BY CLAIRE CHAUMONT
I consider myself a fairly engaged citizen. I have voted in all major French elections. I have demonstrated several times for causes I valued. I have participated in political debates, conferences, and forums. I am a Political Science major after all.
But I have never joined any organized political action. Rather, I hadn’t until two weeks ago when I decided to go canvassing for Hillary Clinton in Bedford, New Hampshire. On Saturday, October 29, armed with a Google map print-out and a listing of thirty houses, I spent four hours knocking on the doors of undecided voters to remind them to go cast their vote next Tuesday. For Hillary if possible, please.
Why did I volunteer? In part because I care about who gets elected. But, let’s be honest, it’s also because I wanted to have a closer look at the American “political machine.” What I found surprised me: neighbors opening their garage doors to receive volunteers, young graduates ready to shuffle hours in the rain to distribute a stack of flyers, grandmothers cooking casseroles to feed dozens of hungry volunteers. Overall, I felt a sense of camaraderie and belonging I had never experienced during elections in France.
This surprised me. Developed countries often struggle to address citizens’ defiance against institutionalized politics. In the US, voter turnout, a good measure of civic engagement, dramatically declined since the 1970s. In 2000, sociologist Robert Putman argued the slow erosion of social capital could partially explain Americans’ disengagement with political involvement. But what I saw contradicted everything I thought I knew about civic participation. This kept me wondering… Had the Democrats finally found a way to make politics sexy again?
The 2008 election was dubbed the “Facebook election,” for the way Obama used the Internet to mobilize supporters. But Obama also won thanks to his ability to leverage the support of thousands of “foot soldiers” to perform the labor-intensive grassroots fieldwork of canvassing, phoning or driving voters to voting stations.
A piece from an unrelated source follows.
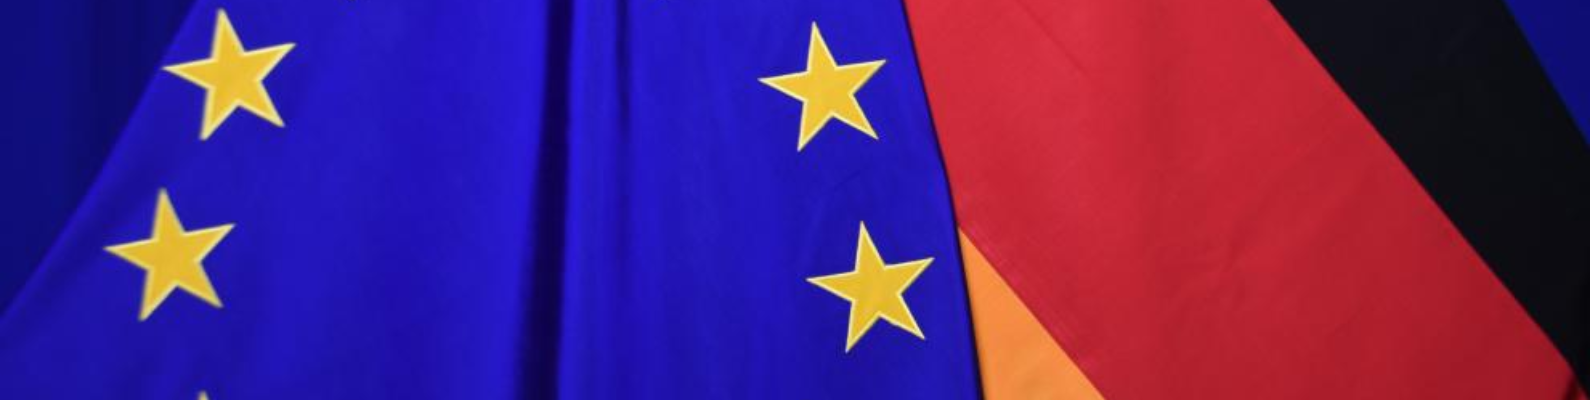 EU-Flagge und Deutschland-Flagge nebeneinander
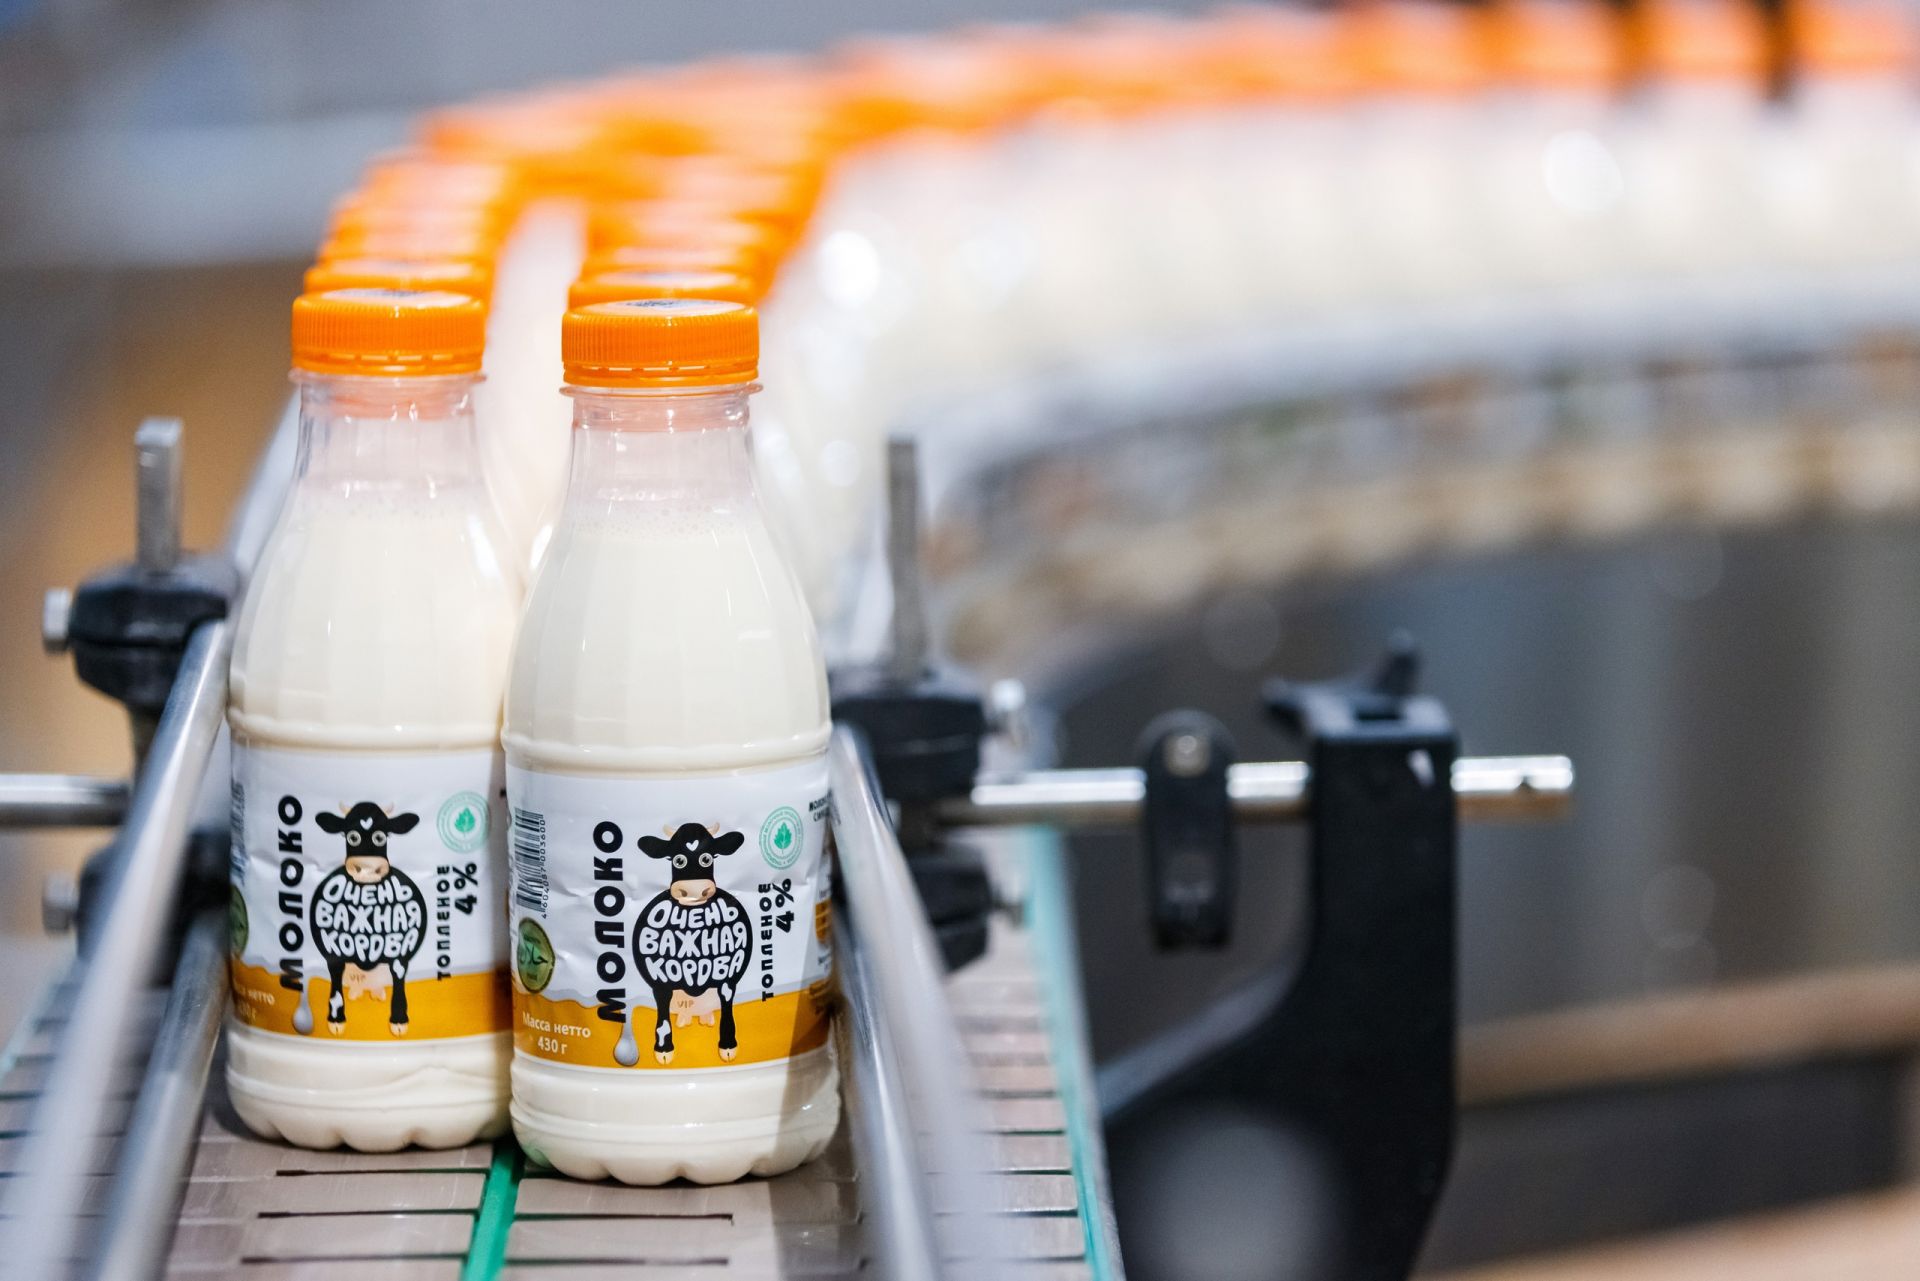 По итогам 2022 года Зеленодольский молочноперерабатывающий комбинат на 20,4% увеличил выпуск готовой продукции

Since then, Republicans and Democrats alike have further institutionalized how to use community organizing techniques to “get out the vote” on the ground, a tactic that has proven effective in increasing voter turnout. In the early stages of the primaries, Hillary already had 12,000 volunteers, organized through fifteen offices across all States. On Election Day, it is hard to predict how many more have now joined the ranks – but based on previous elections, this could amount to millions of individuals.
What prevents France from setting up a similar system? The answer lies (mostly) in funding rules: recruiting, training and coordinating so many volunteers require an expensive network of staff and significant investments in campaign material. French law severely restricts the amount candidates can spend to finance their political campaigns. For the 2017 presidential election, the upper limit will be € 22.5 million for each of the two candidates selected for the second round. By contrast, political campaign fundraising in the US is virtually limitless. In 2012, Obama and Romney raised a combined $2 billion in donations. A few days ago, the Center for Responsive Politics predicted that the total cost of the 2016 elections could amount to almost $7 billion. The political system James Madison envisioned as a healthy representation regulated by competition between factions has turned into a sophisticated political machine, fueled by unconstrained money from powerful interest groups.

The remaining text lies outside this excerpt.